Using sed to replace a number located between two other numbers

Question

I need to replace a numeric value, that occurs in a specific line of a series of config files in a pattern like this:

string number_1 number_to_replace number_2

I want to obtain something like this:

string number_1 number_replaced number_2

The difficulties I encountered are:

• number_1 or number_2 can be equal to number_to_replace, so a simple replacement is not possible.
• number_1 and number_2 vary between config files so I don't know them in advance.

The closest attempt I got until now is:

echo "field 4 4 4" | sed 's/\s4\s/3/'

Which ouputs:

field34 4

This is close, given that I want to replace the intermediate number I added another "\s" to try to use the known fact that the line starts with a character.

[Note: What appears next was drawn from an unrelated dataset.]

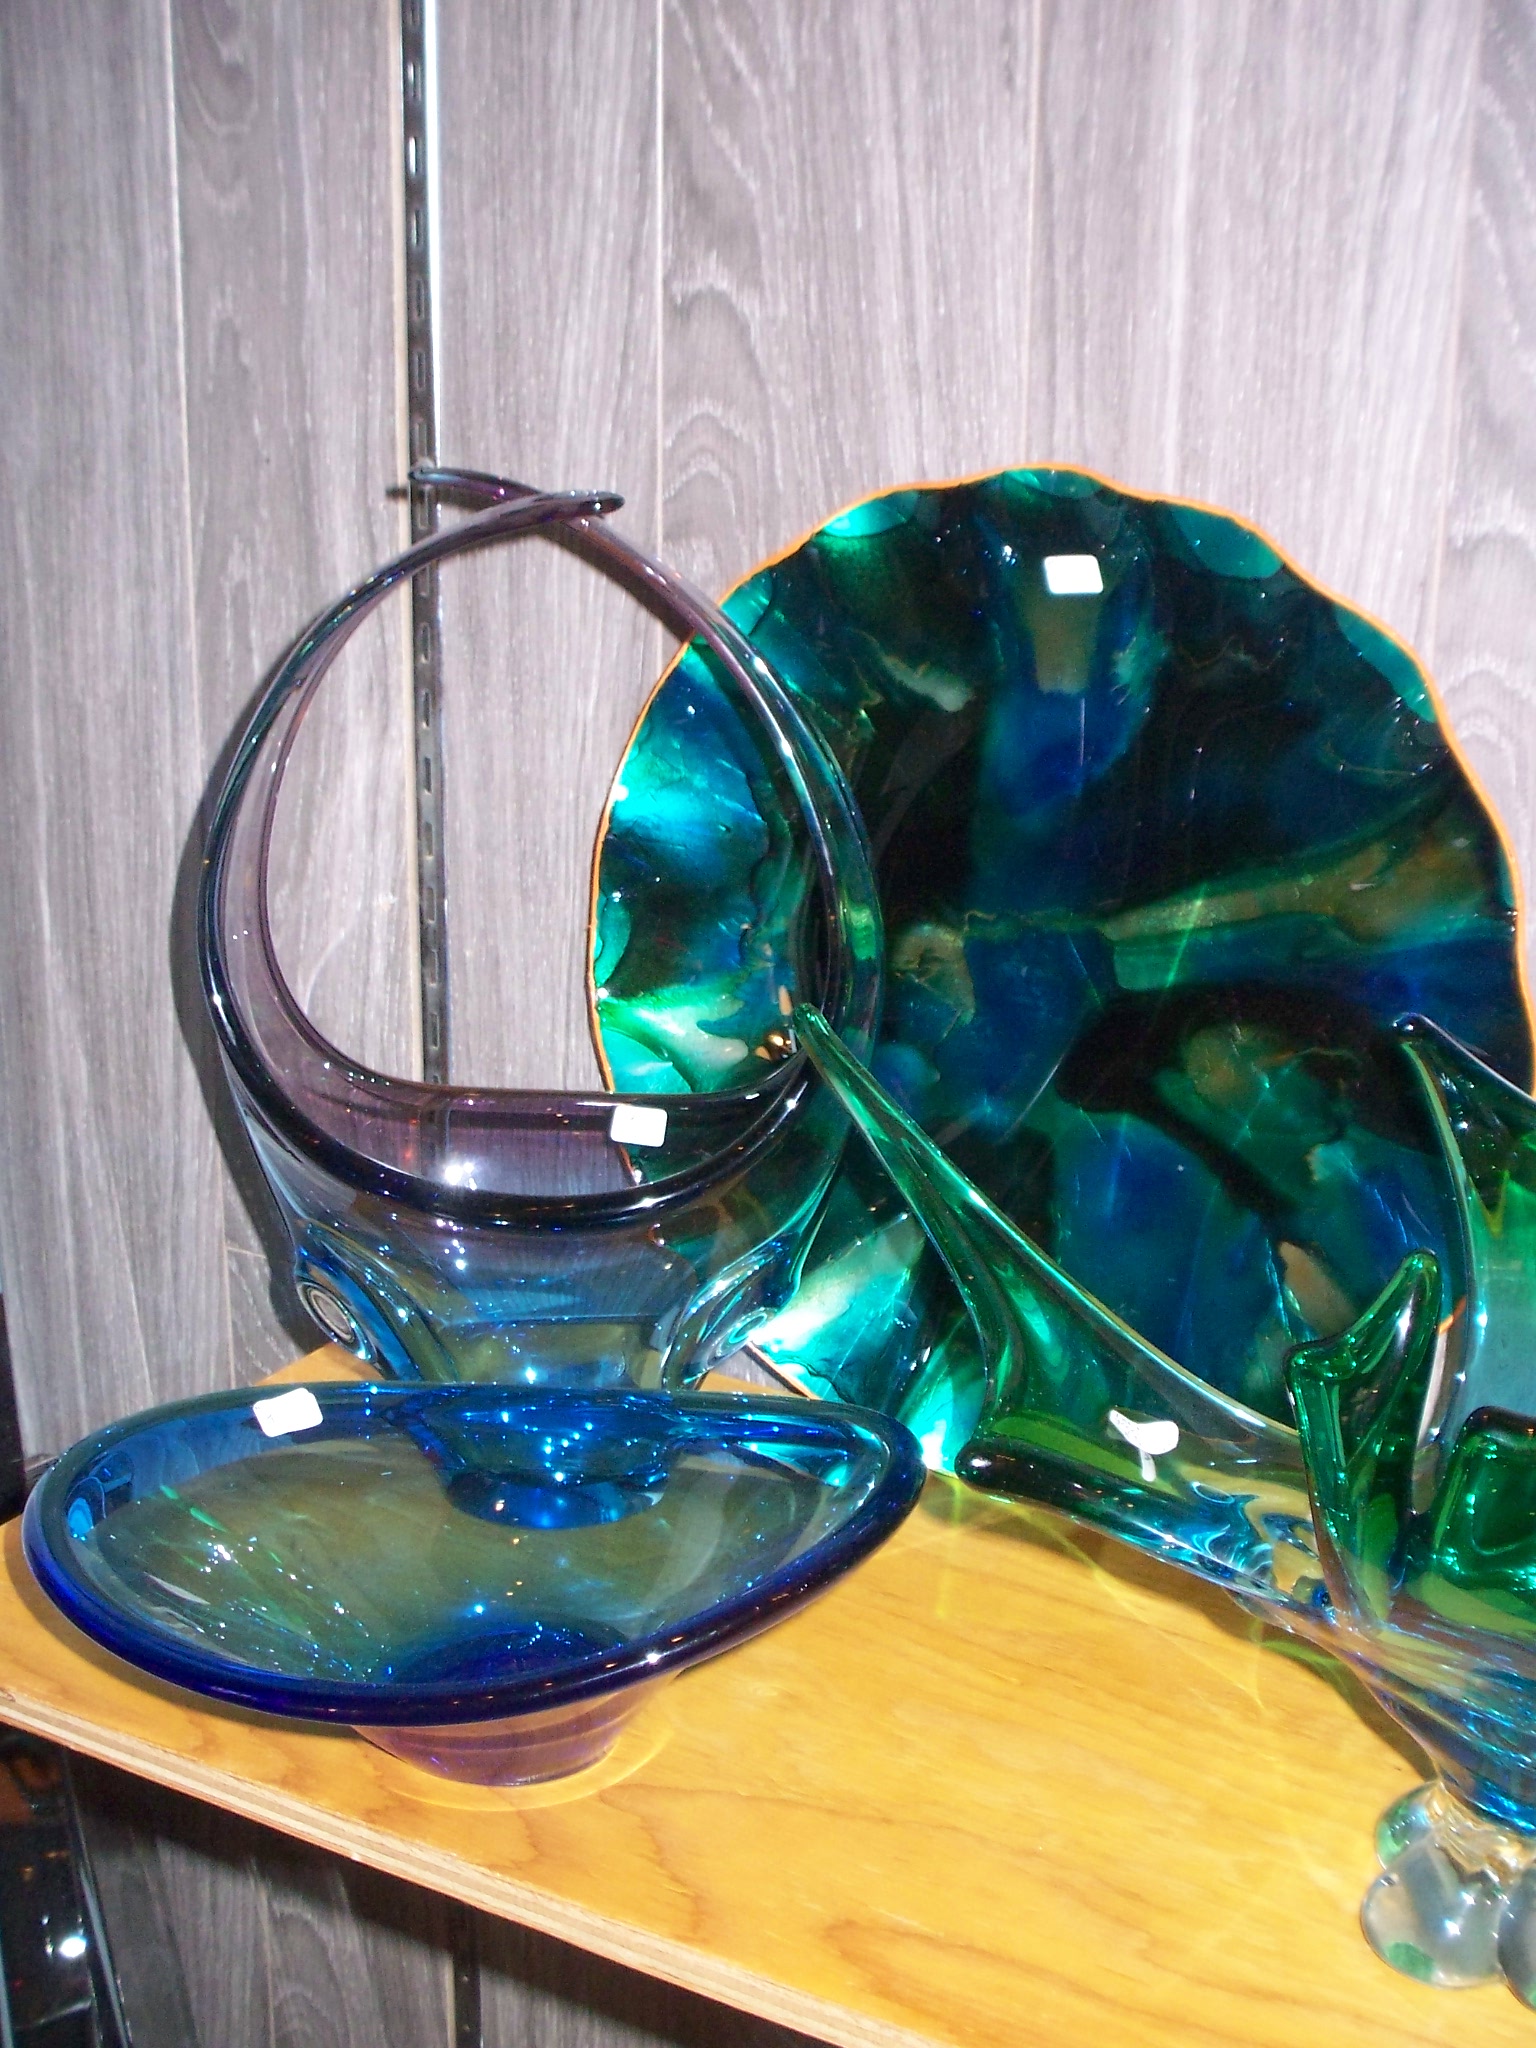 There's also a great selection of accessories like these beautiful glass pieces. 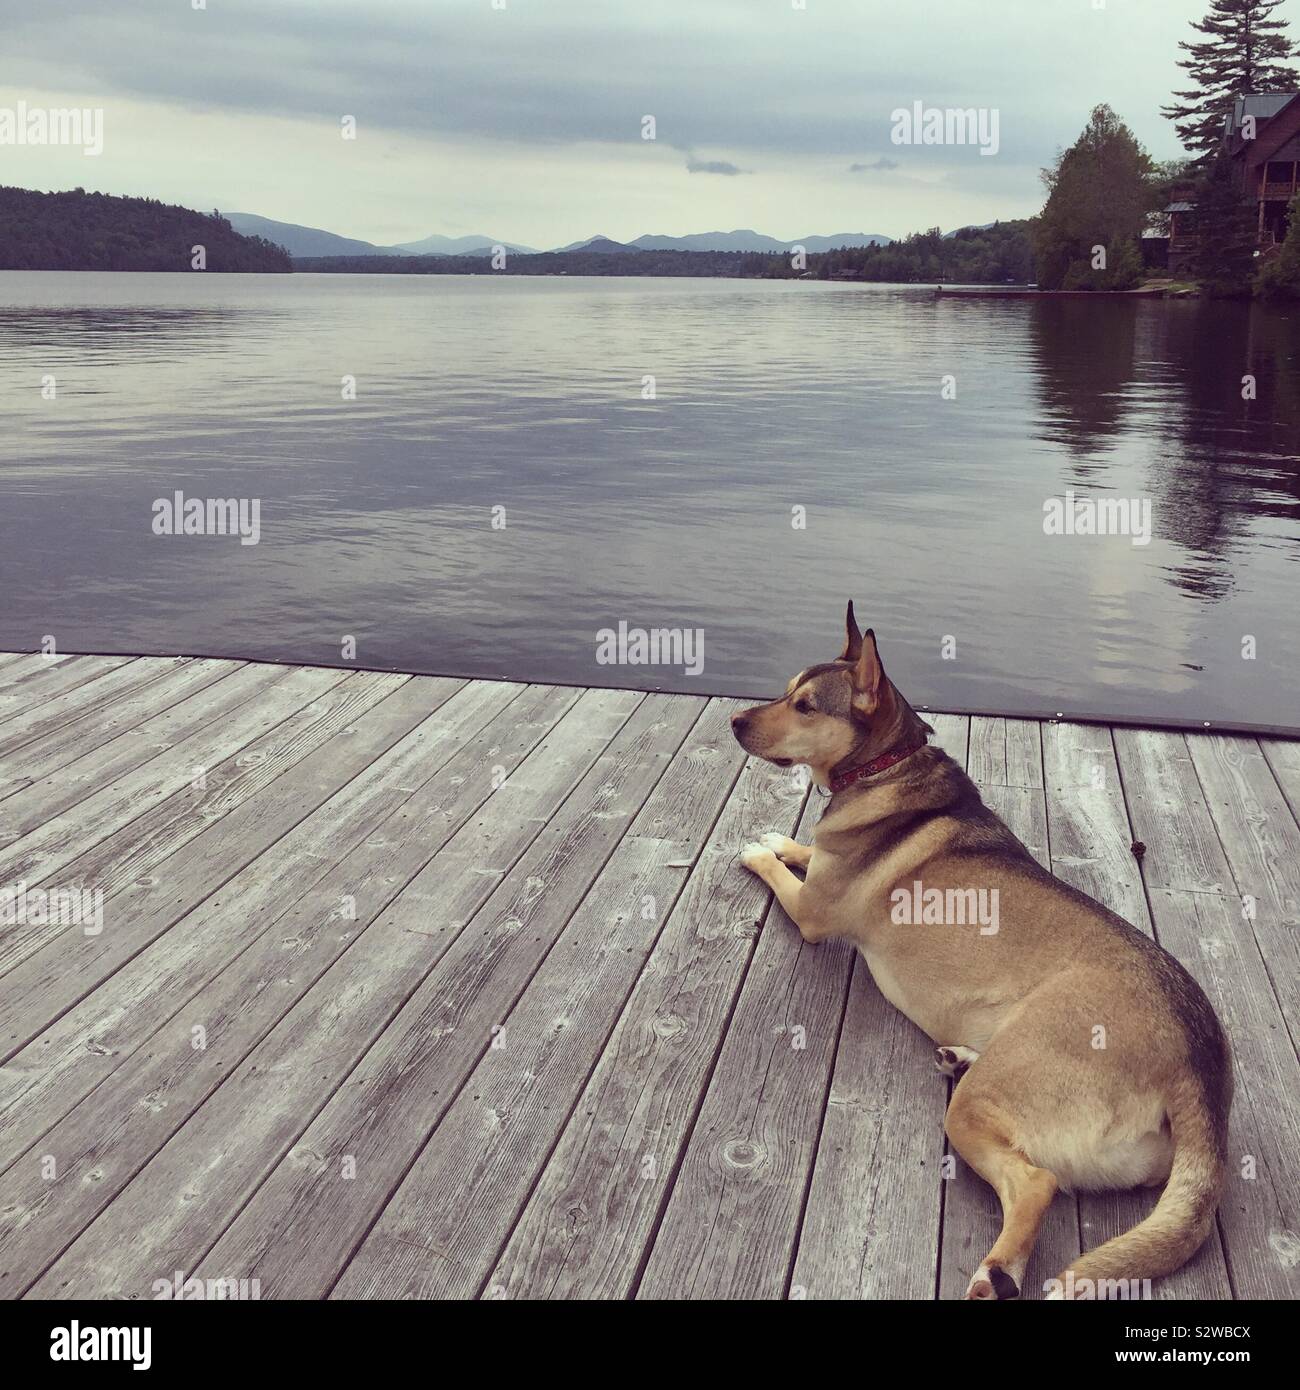 Our dog sitting on the dock in lake placid. Stock Photo

echo "field 4 4 4" | sed 's/\s\s4\s/3/'

Which gives:

field 4 4 4

So, nothing is replaced this time. How can I proceed? A somewhat detailed explanation would be ideal, because my knowledge of replacing expressions that involve patterns in nearly zero. Thanks.

Answer 1

You can do something like below, which matches your exact sequence of digits as in the example. You could replace 3 with any digit of your choice.

sed 's/\([0-9]\{1,\}\)[[:space:]]\([0-9]\{1,\}\)[[:space:]]\([0-9]\{1,\}\)/\1 3 \3/'

Notice that I've used the POSIX bracket expression to match the whitespace character which should be supported in any variant of sed you are using. Note that \s is supported in only the GNU variants.

The literal meaning of the regex definition is to match a single digit followed by a space, then a digit and space and another digit. The captured groups are stored from \1. Since your intention is to remove the 2^nd digit, you replace that with the word of your choice.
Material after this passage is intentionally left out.